The most recent sweeping change to our nation’s model of freedom is the FCC’s paving of the road for the Internet to become the next federal utility. Not only did this decision not run through our representative legislature… it didn’t pass through any of the three rings in our governmental circus. It was declared by the cotton candy vendors outside the big top! And, it only took three candy peddlers to make it happen. Commissioner Ajit Pai, one of the two cotton candy vendors who stood against net neutrality said, “The Internet is not broken. There is no problem for the government to solve.” Yet, the three commissioners that were in the majority (that’s right, it only took three people to monumentally shift America’s internet access) reversed the course that has been maintained since the origin of the world wide web simply because, “President Obama told us to do so”, according to Pai.
Again, as a boy, I sang along with Schoolhouse Rock, condemning King George III when he said:
“Anything, do it my way, now,
Anything, do it my way
Don’t you get to feeling independent,
‘Cause I’m going to force you to obey”
I’m having a real hard time seeing how this FCC move is any different.
Now, don’t get me wrong. I understand that our nation has changed for the better throughout history and we, as a people, should constantly strive to be a greater nation.
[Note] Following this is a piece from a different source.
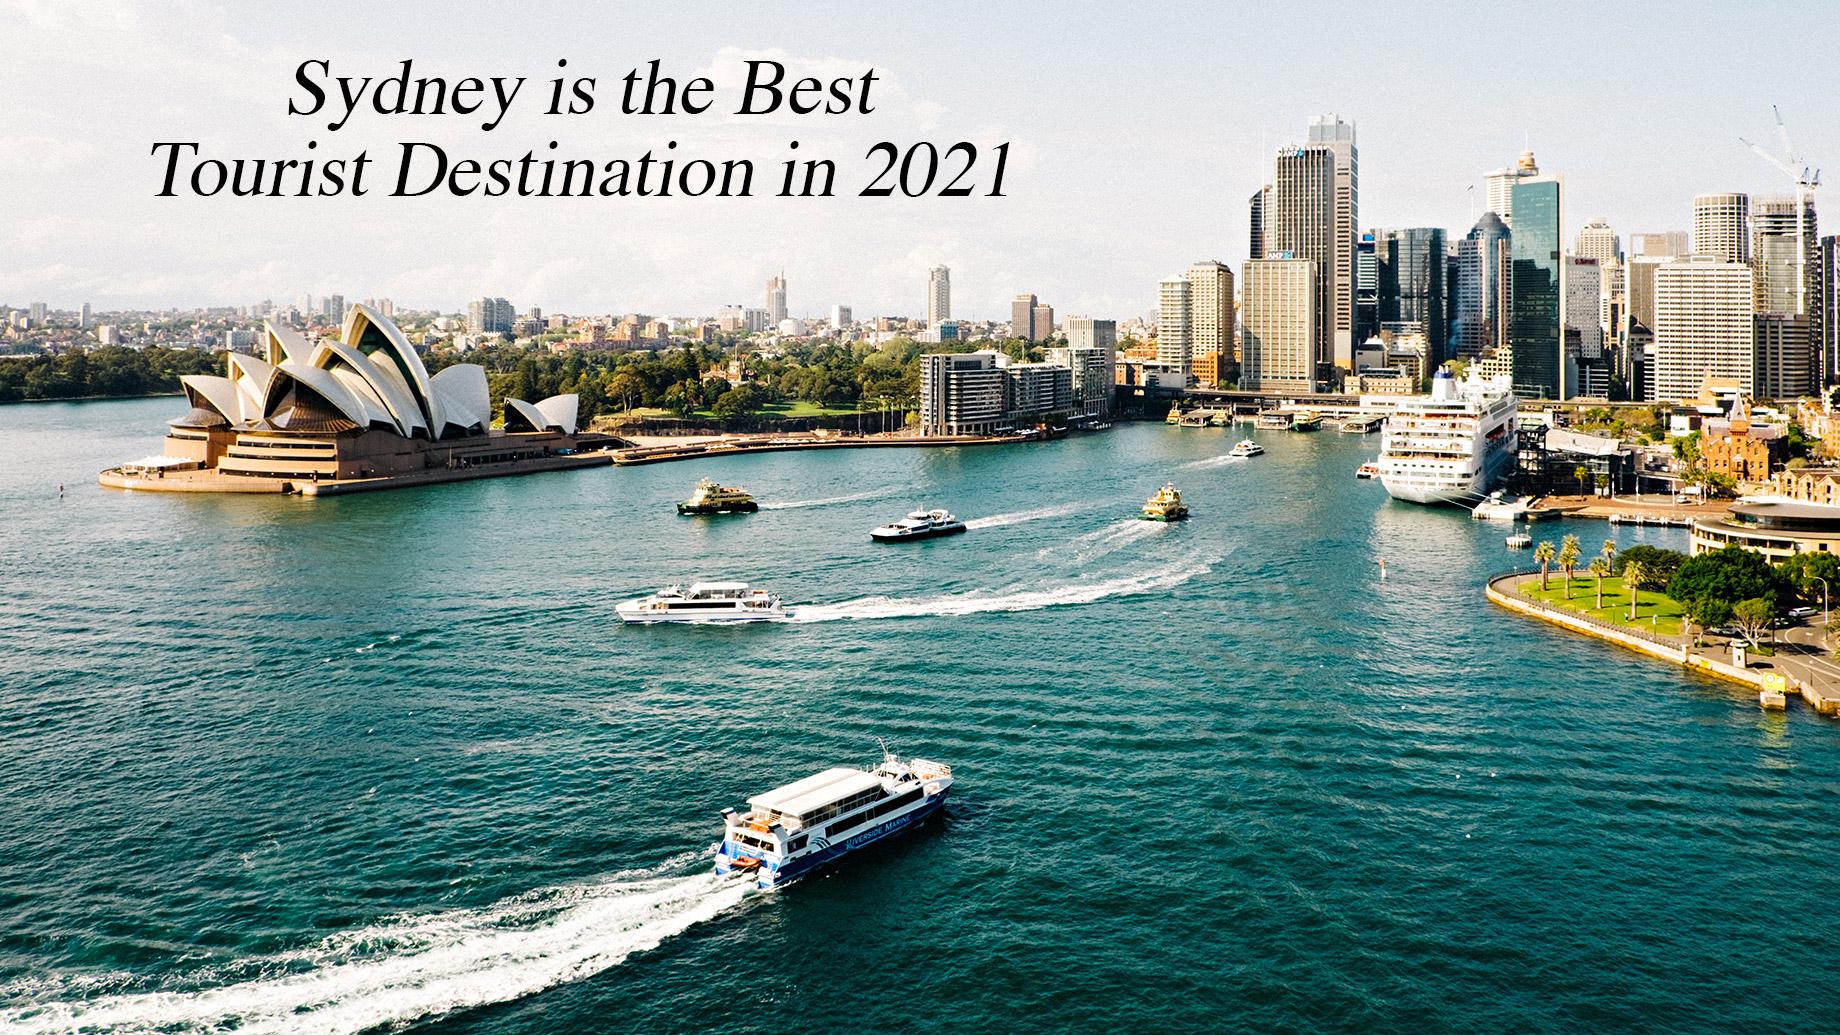 Sydney is the Best Tourist Destination in 2021

But this progress should always be guided by the Constitution, the Declaration of Independence, the Legislative process, and the American principles of One From Many (E Pluribus Unum), In God We Trust, and Liberty. Also, throughout my lifetime, the White House, Congress and the Courts have swung from left to right several times. And, I was raised to honor the positions and institutions of our officials regardless of how I may feel about them personally. “The office of the President is greater than whomever sits in the big chair,” as my dad said. But this was all based on my faith in our governmental system and a universal set of values.
Which brings me to intentional parenting.
I don’t care which side of the aisle you sit on, nor does it matter if you agree or disagree with my assessments of the sweeping changes that have rapidly been put in place over recent years. Whether you lean to the left or to the right, these are current events that are too important for you to ignore, and too important to not discuss with your children. Now, of course, I don’t expect debates on the merits or lack thereof of Obamacare with your kindergartner, but with your fifth or sixth grader? Absolutely. If we don’t, and simply assume that they will become aware of and interested in social studies in their own time, then that time will certainly come too late. However, if we plant the seeds in their minds at an early age that, as was sung in “I’m Just A Bill”, that us folks back home can make a difference in what laws are passed in D.C., then maybe, just maybe, we might raise a generation of Americans who value our liberties, more than gallop poles.
You see, for me it boils down to this: there have been so many rapid and far-reaching changes recently, created outside the institutional and Constitutional process, that it is now increasingly difficult to maintain any hope, optimism or respect for the government officials I once rocked out to on Saturday mornings.
Sadly, I can see a day when my sons load up Schoolhouse Rock’s Greatest Hits on their heavily taxed Internet browser, hear these amazing songs and ask me with eyes filled with wonder, “What country is this that they’re singing about and can we move there?”